Namun hal tersebut tak akan bisa menghentikan semangat mahasiswa semester akhir ini, karena bagaimana-pun dengan alasan apapun skripsi adalah skripsi, tugas akhir seorang mahasiswa jenjang S1 sebelum menerima gelar sarjana nya..... Kenapa ya semangat mengerjakan yang seperti ini tidak muncul saja dari dulu saat jumlah semester tidak sebanyak sekarang? hahaha. Dulu, hanya menghabiskan waktu hari-demi-hari tanpa melakukan apapun. Tak terasa sudah satu tahun, bahkan 2 tahun kalau tidak salah saya mendiamkan ide-ide tentang skripsi ini di dalam memori otak. Tidak pernah saya tulis. Itulah kesalahan saya, sangat meremehkan waktu. Sedangkan waktu itu tak akan pernah mau menunggu dan terus berjalan sesuai kodratnya, tidak akan mau untuk kembali walau satu detik saja. Nah, apalagi untuk kembali ke masa 2 tahun yang lalu. Itu mustahil. Mahasiswa-mahasiswa baru sudah memulai masa orientasi nya, dengan kata lain waktu yang saya miliki untuk kuliah di Fakultas Sastra berkurang juga.

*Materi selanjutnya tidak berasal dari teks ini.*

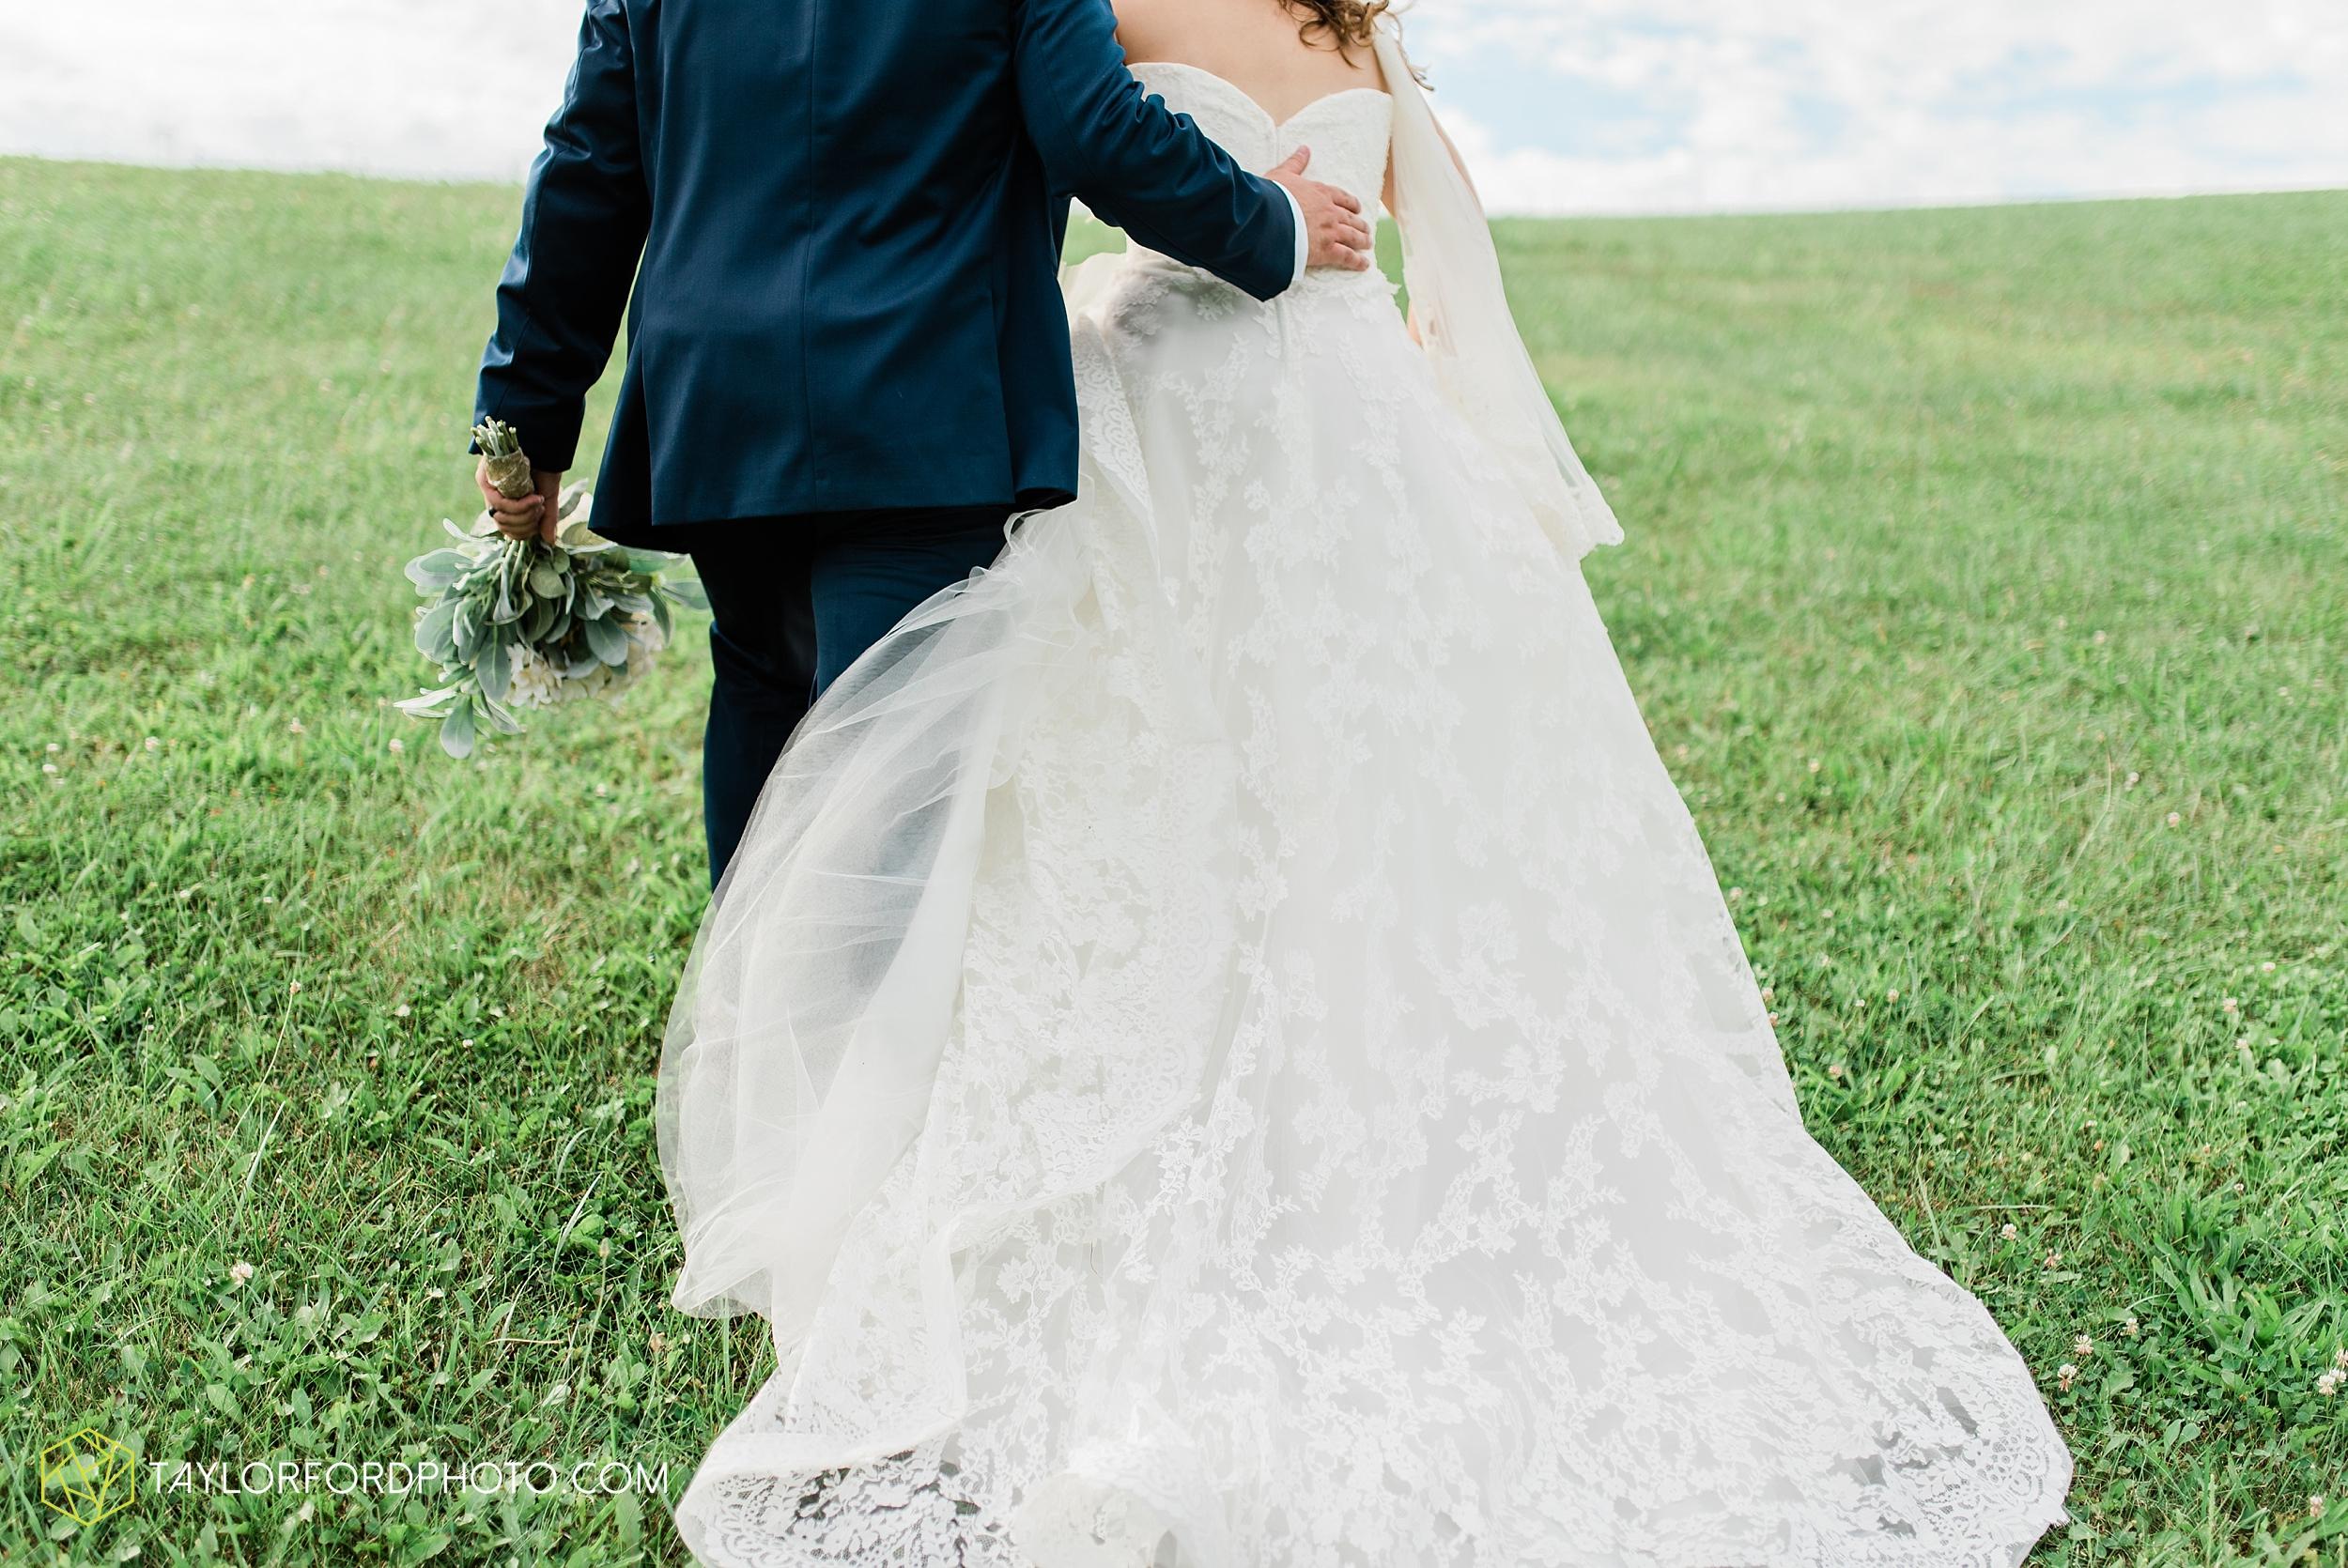 chelsey-zosh-jackson-young-first-united-methodist-church-senior-center-van-wert-ohio-wedding-photographer-taylor-ford-photography_0086.jpg

Kebijakan di Fakultas Sastra mulai semester ini kabarnya tidak akan memberikan waktu tambahan bagi mahasiswa seperti tahun-tahun sebelumnya, maksimal ya 7 tahun itu harus lulus. Jika lebih dari 7 tahun maka langsung Drop-Out (D.O). Dosen-dosen sastra inggris dan teman-teman angkatan 2008 membangunkan saya dari tidur panjang. Sudah waktunya untuk dicicil buat nggarap.

Ecocriticism memang sebuah teori baru dalam bidang sastra dibandingkan dengan teori lainnya seperti psikologi, marxis, orientalis dan lain sebagainya. Ecocriticism juga sering disebut dengan ekokritik, sastra hijau, atau ekologi sastra. Dan semua itu intinya sama, membahas lingkungan dalam perspektif karya sastra. Awal saya mengenal teori ecocriticism dari dosen saya, Mas Ikhwan, begitu saya memanggilnya.

Ternyata mempelajari teori ecocriticism sangat menyenangkan, hal ini dikarenakan saya juga bergabung dalam organisasi mahasiswa pencinta alam di kampus. Kenapa tidak saya gabungkan saja hobi saya dengan kuliah (skripsi)...? Karena prinsip dasar dari teori ecocriticism ini sendiri adalah sebuah hubungan antara lingkungan fisik dan sastra ( ecocriticism is the relationship between physical environment and literature).

Hmm.... Saya masih harus terus belajar dan mempelajari teori ini sebagai dasar untuk membedah sebuah karya sastra di dalam skripsi saya nantinya. Tapi halangan itu pasti ada, saat ini saya masih sedikit kesulitan tentang karya apa yang akan saya bedah. Bimbang milih antara cerpen, puisi, drama atau novel.. Saya yakin pasti bisa..!

"Hal yang terpenting itu adalah huruf pertama....." Ikhwan Setiawan.